Дэвид Геммел - Царь Каменных Врат
— Н-нет. — Палдин заглянул в затянутый паутиной ход.
— Как вам это удалось?
— Не ставьте под сомнение власть Духа!
23
Ананаис сошел со стены и сел на траву рядом с Торном, Лейком и Галандом. Кувшины с вином и тарелки с мясом были уже приготовлены, и собравшиеся в усталом молчании принялись за еду. Ананаис не видел, как растерзали его друга, зато понаблюдал, как обезумевшие звери расправлялись с Храмовниками.
После этого Легион опять ходил в атаку, но уже без прежнего пыла, и защитники с легкостью отразили его. Дарик объявил передышку, чтобы убрать тела: в эти страшные мгновения погибло пять тысяч полулюдов, триста Храмовников и еще тысяча солдат.
Ананаис увидел, что Балан сидит один у края рощи, и, взяв кувшин вина, присоединился к нему. Балан, воплощенное горе, смотрел в землю. Ананаис сел рядом с ним.
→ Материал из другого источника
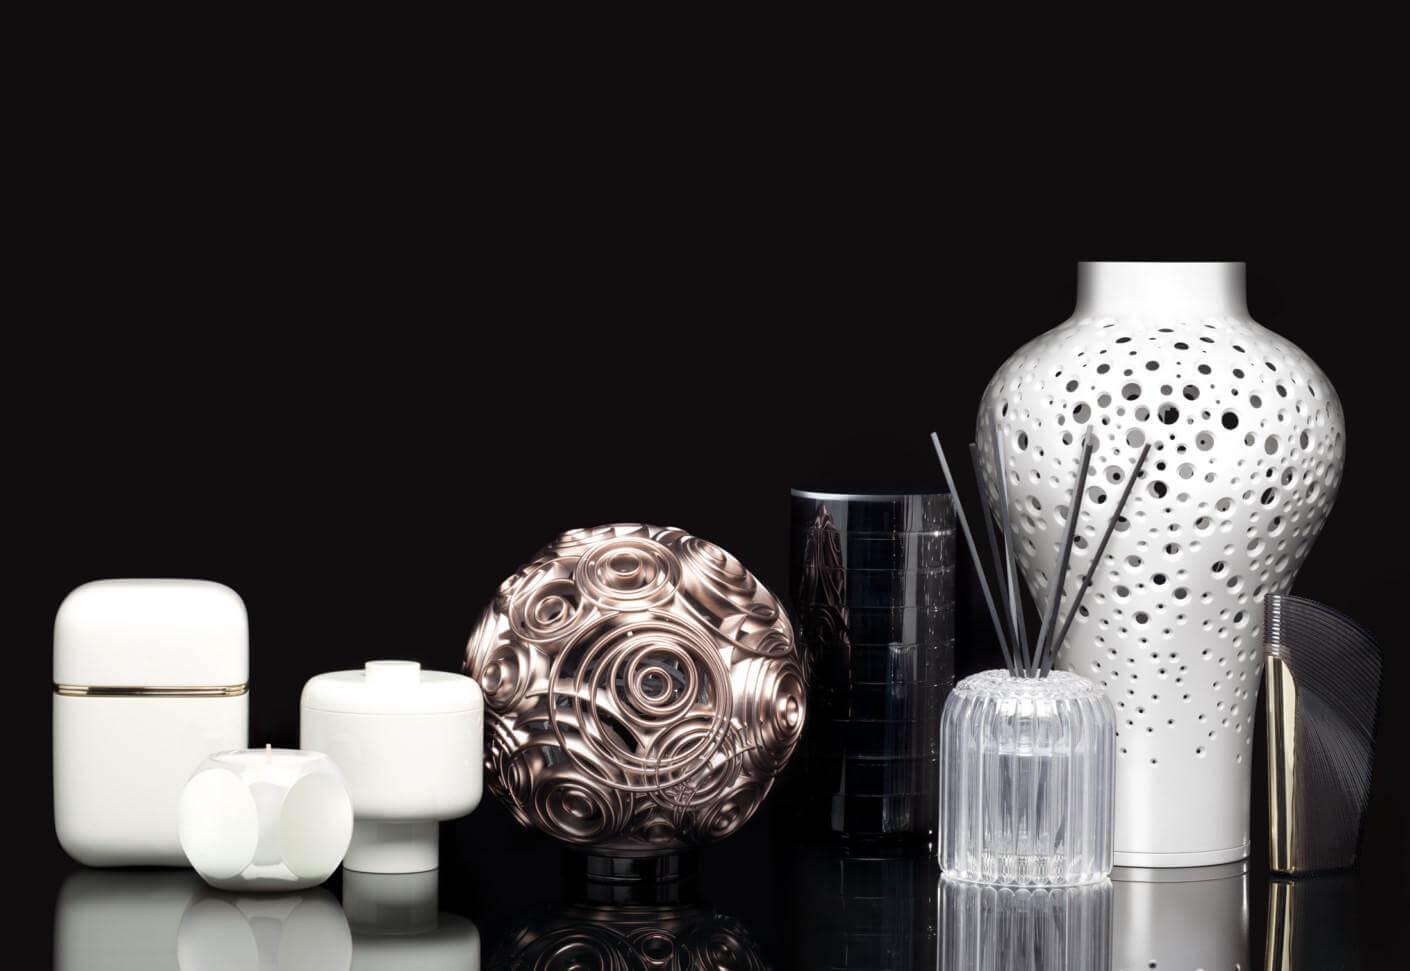 Kvapai Kartell Fragrance

— Рассказывай! — приказал он.
— Что рассказывать? Они отдали за вас свою жизнь.
— Что они сделали с полулюдами?
— Я не могу тебе этого объяснить, Черная Маска. Если попросту — они показали зверям картину, которая пробудила в них дремлющее человеческое начало, и полулюды распались на части.
— А нельзя было это сделать из-за стены?
— Не знаю. Чем ближе, тем сильнее действует сила внушения. Они не хотели рисковать.
— И теперь остался только ты.
— Да. Только Балан.
— Что происходит в Тарске?
— Сейчас посмотрю. — Балан закрыл глаза и вскоре открыл их снова. — Все хорошо. Стена держится.
— Сколько человек они потеряли?
— Триста выбыло из строя, но убито всего сто сорок.
— «Всего», — проворчал Ананаис. — Ладно, спасибо тебе.
— Не благодари меня. Мне ненавистно все, что связано с этой безумной затеей.
Ананаис оставил его и углубился в рощу. Зайдя подальше, он снял маску и подставил пылающее лицо ночной прохладе. Потом дошел до ручья, окунул в него голову и напился. Райван увидела его издали и окликнула, дав ему время надеть маску.
— Как дела? — спросила она.
— Лучше, чем мы ожидали. Но в обеих долинах погибло больше четырехсот человек — и по меньшей мере столько же не вступит уже в бой.
— Сколько же нас осталось?
— Около трехсот тут и пятьсот в Тарске.
— Сможем мы удержаться?
— Черт его знает. День-два, может, и протянем.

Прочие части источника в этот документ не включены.